→ GOAL OF THE EXERCISE
Transcribe only the part of the material below that begins at the line containing "Geschäftsführer der IREKS" and ends at the line containing "Handmade wooden bow", with both kept and images left out.

→ DATASET EXTRACT
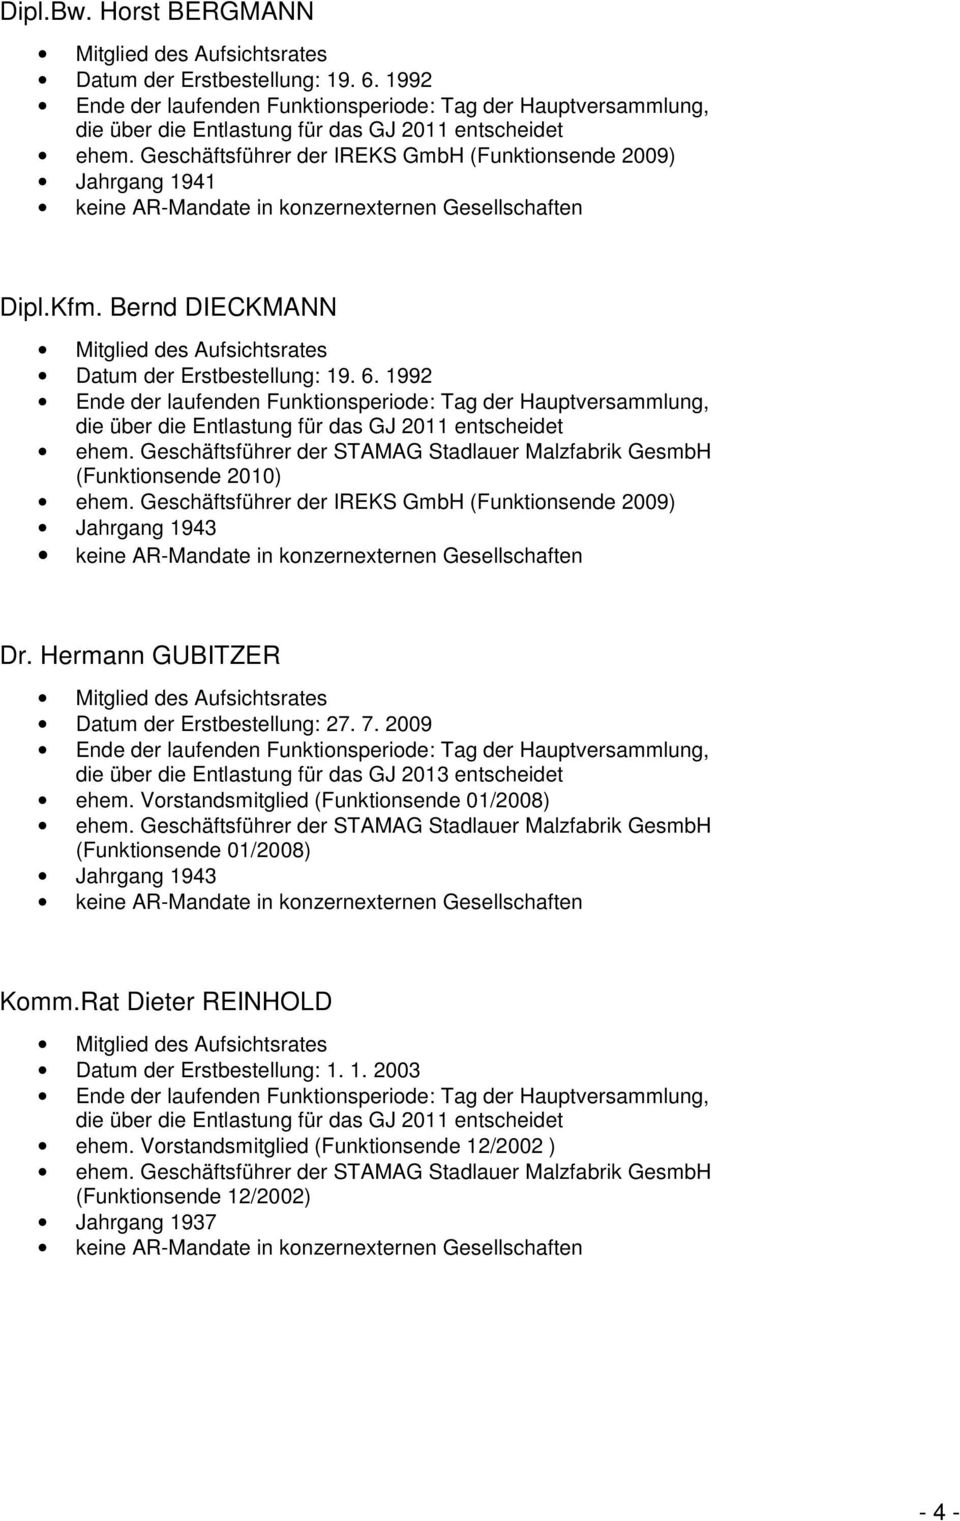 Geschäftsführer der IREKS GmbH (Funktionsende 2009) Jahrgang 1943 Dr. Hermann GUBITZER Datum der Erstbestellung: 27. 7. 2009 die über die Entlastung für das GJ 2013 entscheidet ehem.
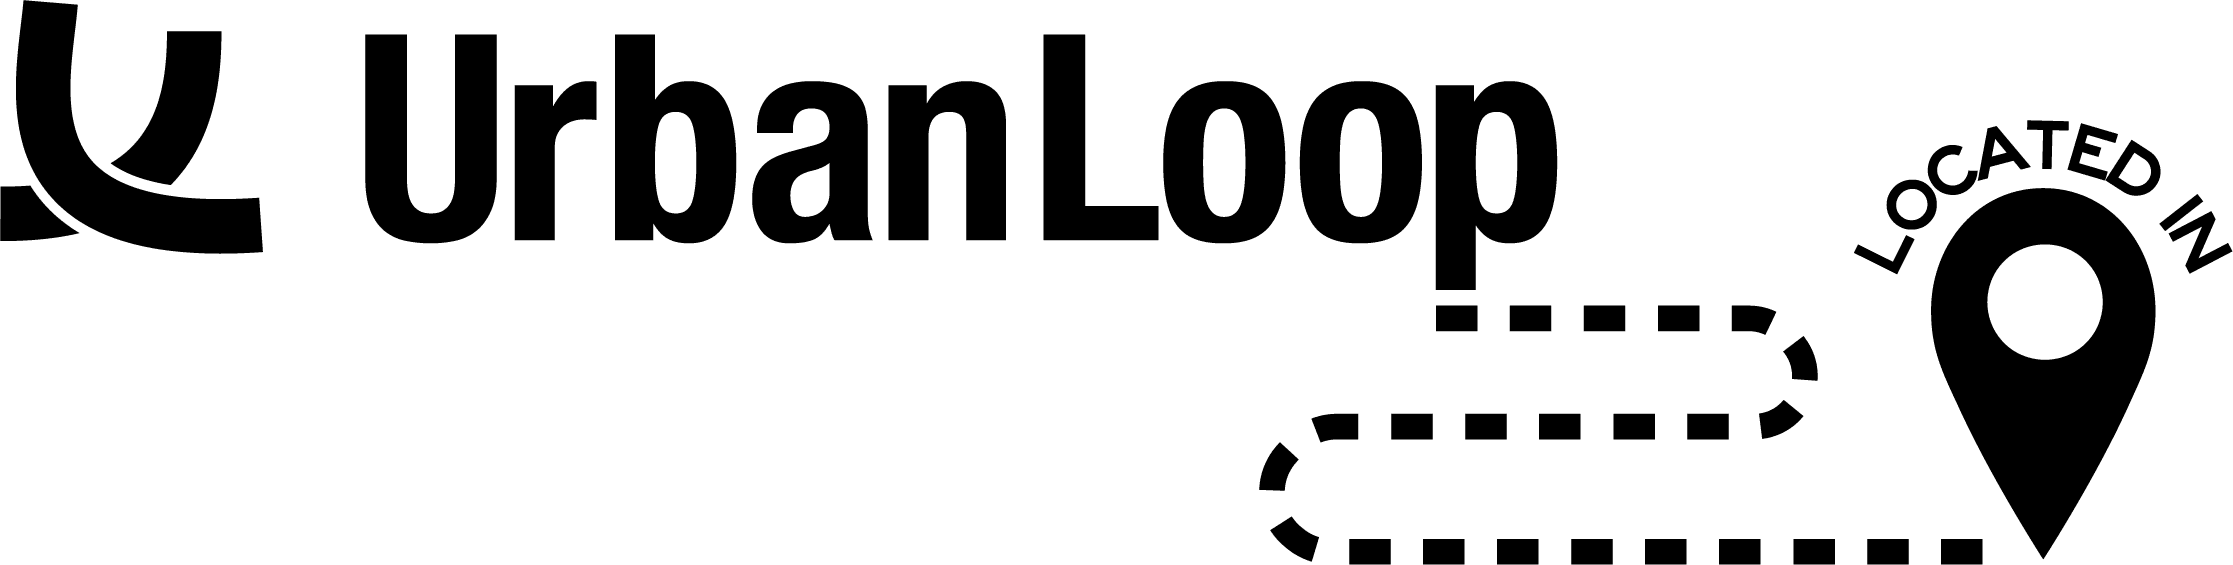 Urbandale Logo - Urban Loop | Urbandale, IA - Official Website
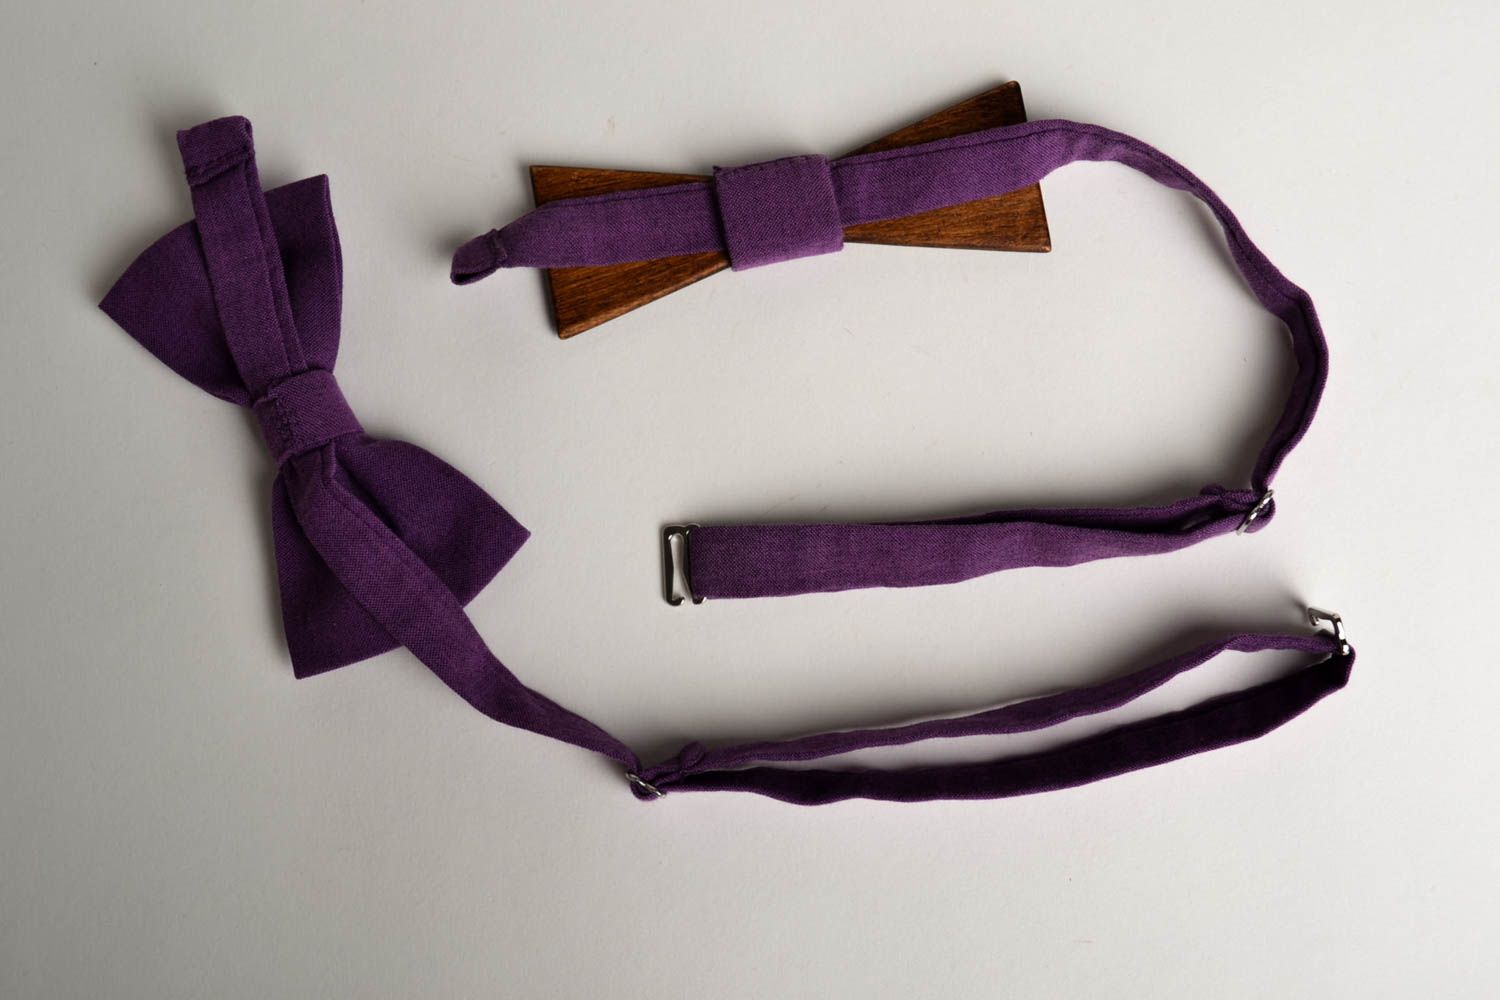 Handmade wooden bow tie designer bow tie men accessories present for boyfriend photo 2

...

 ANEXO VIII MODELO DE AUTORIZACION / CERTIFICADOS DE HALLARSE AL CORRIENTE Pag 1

---

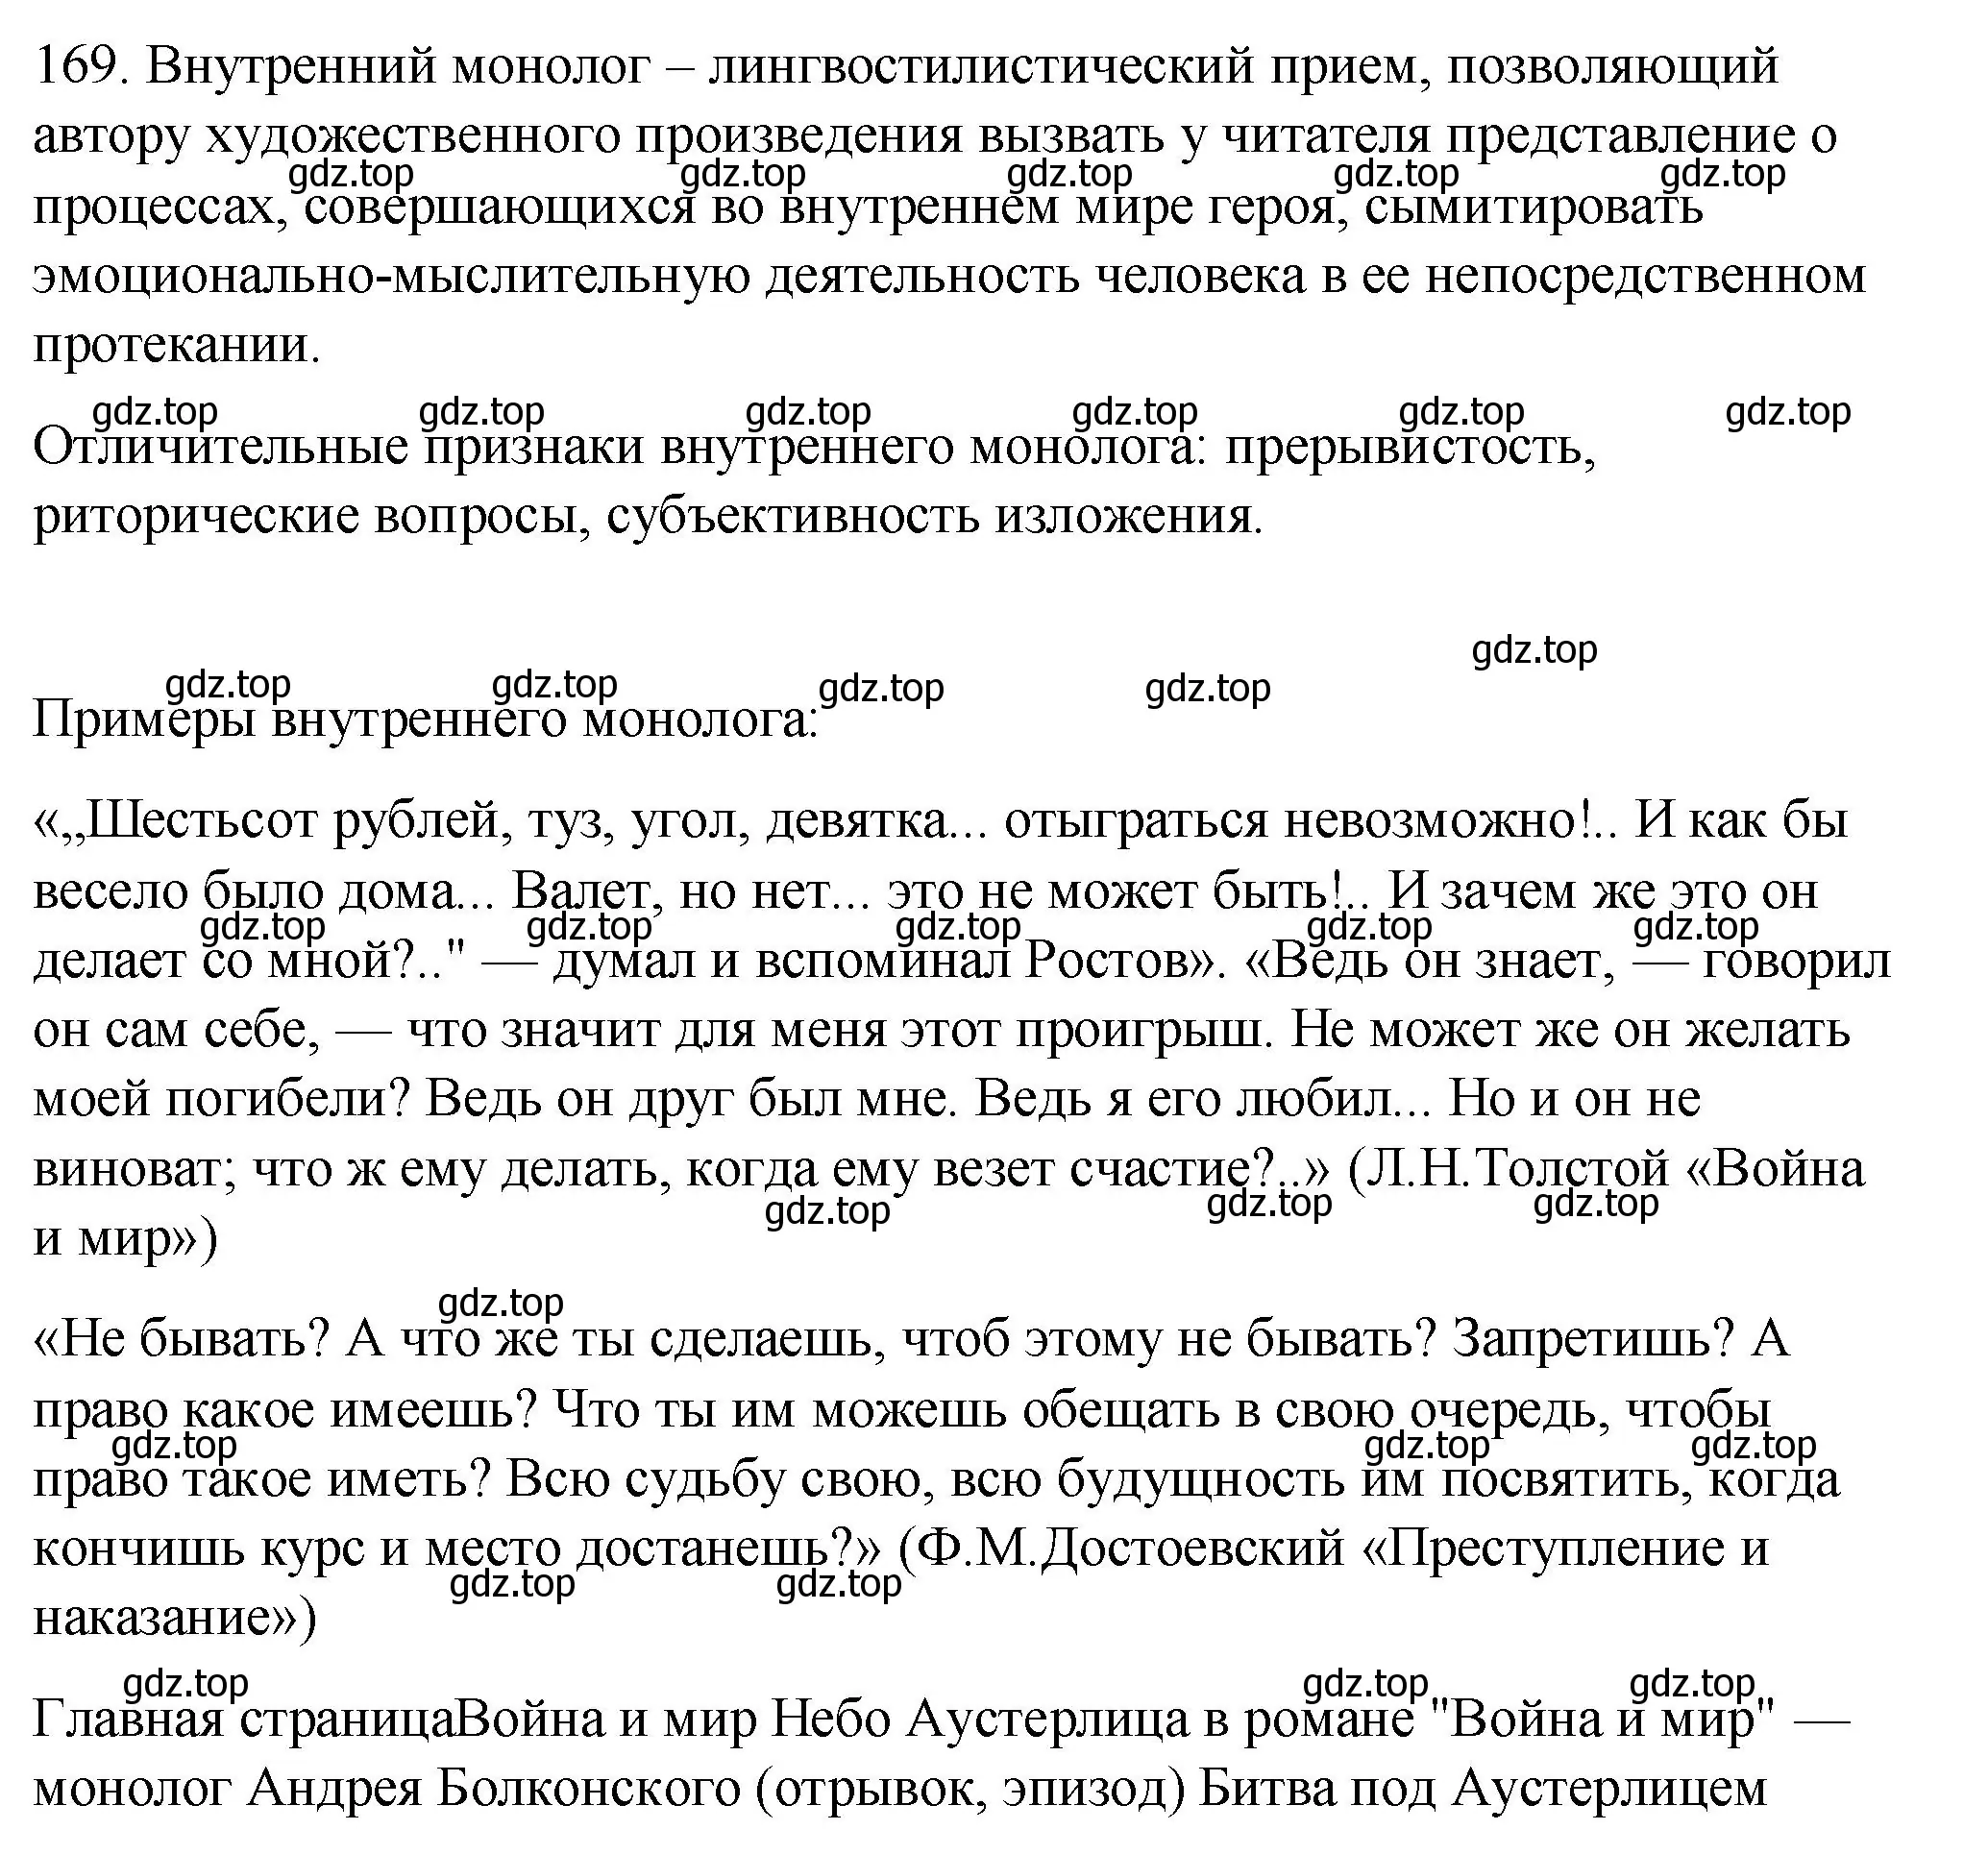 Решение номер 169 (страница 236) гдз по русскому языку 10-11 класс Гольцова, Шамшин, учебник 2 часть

→ EXERCISE RESULT
 Geschäftsführer der IREKS GmbH (Funktionsende 2009) Jahrgang 1943 Dr. Hermann GUBITZER Datum der Erstbestellung: 27. 7. 2009 die über die Entlastung für das GJ 2013 entscheidet ehem.
 Urbandale Logo - Urban Loop | Urbandale, IA - Official Website
 Handmade wooden bow tie designer bow tie men accessories present for boyfriend photo 2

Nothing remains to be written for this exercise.